1. Clone ESP-IDF (v5.2.1 stable release):
```bash
mkdir -p ~/esp
git clone -b v5.2.1 --recursive https://github.com/espressif/esp-idf.git ~/esp/esp-idf
```
2. Run the toolchain installation:
```bash
cd ~/esp/esp-idf
./install.sh esp32
```
3. Initialize the environment:
```bash
source ~/esp/esp-idf/export.sh
```
4. *(Optional)* If `cmake` or `ninja` are missing in your environment, install them inside the active Python virtual environment:
```bash
pip install cmake ninja
```
---
## Building and Flashing
Once the toolchain environment is loaded, execute the following commands in the `esp32-aldl` root workspace folder:
### 1. Set Build Target
```bash
idf.py set-target esp32
```
This command generates the build directories and loads settings from `sdkconfig.defaults` (enabling Bluetooth SPP and setting the FreeRTOS clock frequency to 1000 Hz).
### 2. Compile Project
```bash
idf.py build
```
This builds the bootloader, partition table, ESP-IDF drivers, Bluetooth stack, and the main application code, producing `build/esp32-aldl.bin`.
### 3. Flash & Monitor
Flash the firmware to the ESP32 and open the terminal console to view serial output (replace `/dev/ttyUSB0` with your target serial port):
```bash
idf.py -p /dev/ttyUSB0 flash monitor
```
To exit the serial monitor, press `Ctrl + ]`.
---
## How It Works
### Signal Decoding
The firmware registers an Interrupt Service Routine (ISR) triggered on any edge (both rising and falling) of **GPIO 4**. Pulse widths are calculated in microseconds using `esp_timer_get_time()` and pushed to a volatile ring buffer.

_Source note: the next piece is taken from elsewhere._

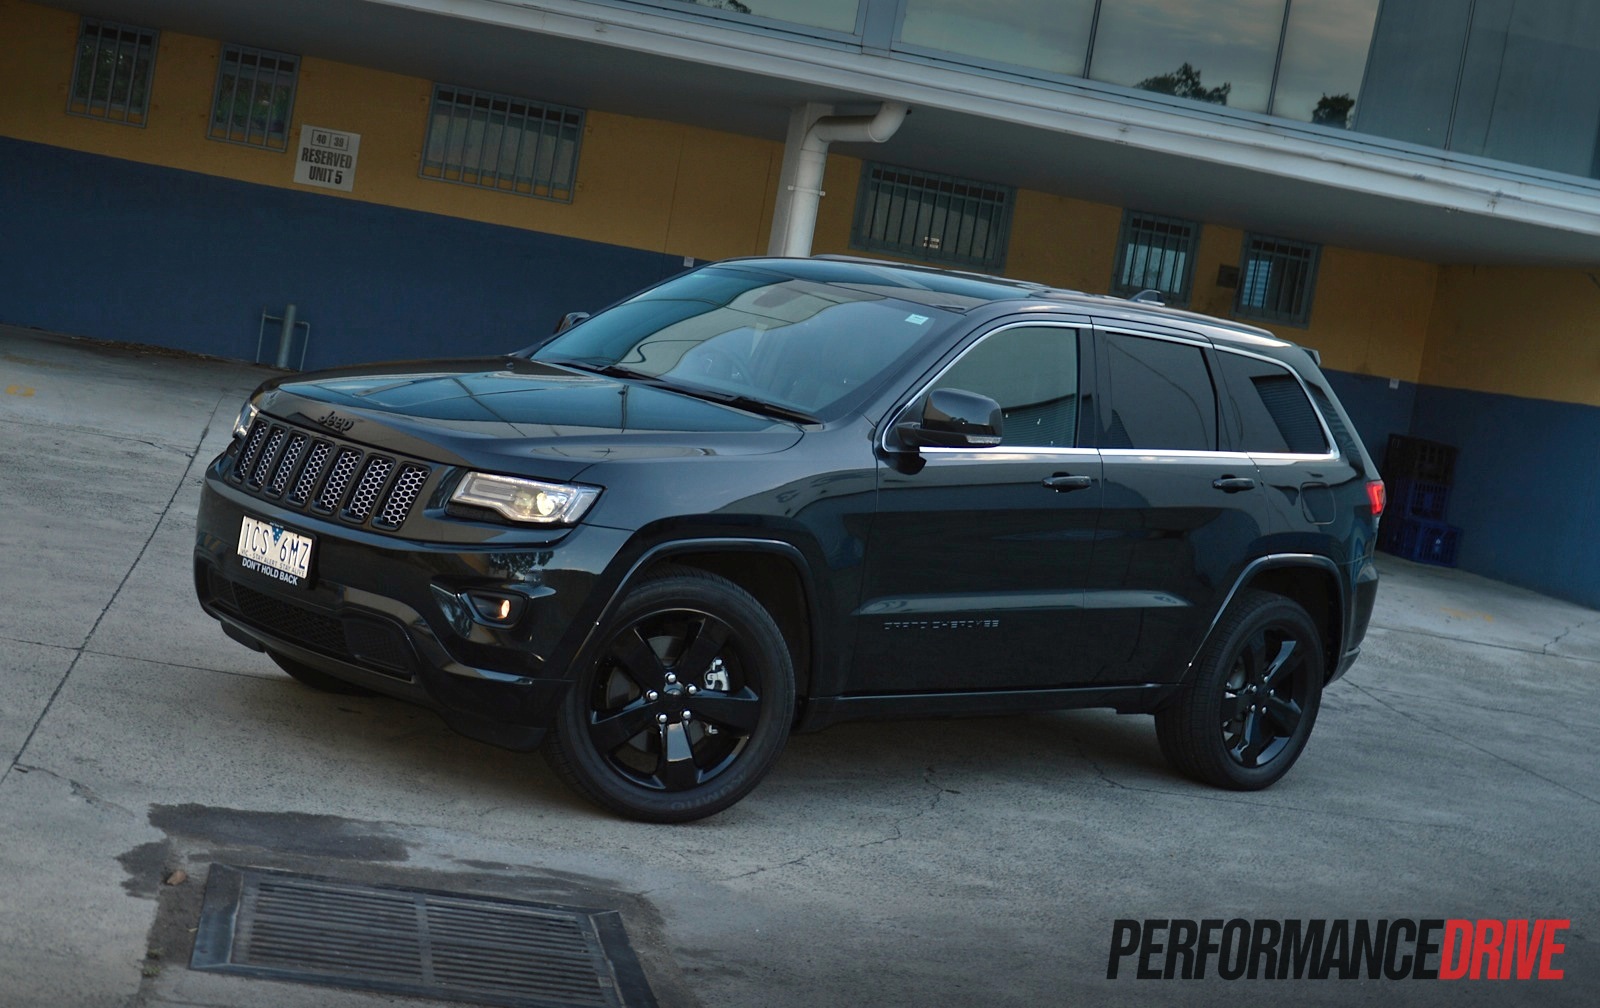 Should you buy a 2015 Jeep Grand Cherokee?

The high-priority `aldlDecodeTask` pops pulses from the ring buffer:
- Glitches under `300us` are discarded.
- Idle gaps over `13500us` reset the decoder.
- Pulses are classified into Logical `0` (approx. `1.11ms`), Logical `1` (approx. `4.16ms`), or Merged pulses.
- Decoded bits are reconstructed into 25-byte frames.
### Bluetooth Transmission
When a 25-byte frame is fully received, it is pushed to `bt_queue`.
The `btTransmitTask` waits on the queue:
- Prepend the 2-byte hard-sync header (`0xAA 0x55`).
- Sends the packet (`27 bytes` total) over the Bluetooth Classic Serial Port Profile connection via the `esp_spp_write()` API.
- The device advertises itself under the classic Bluetooth name `ESP32-ALDL`.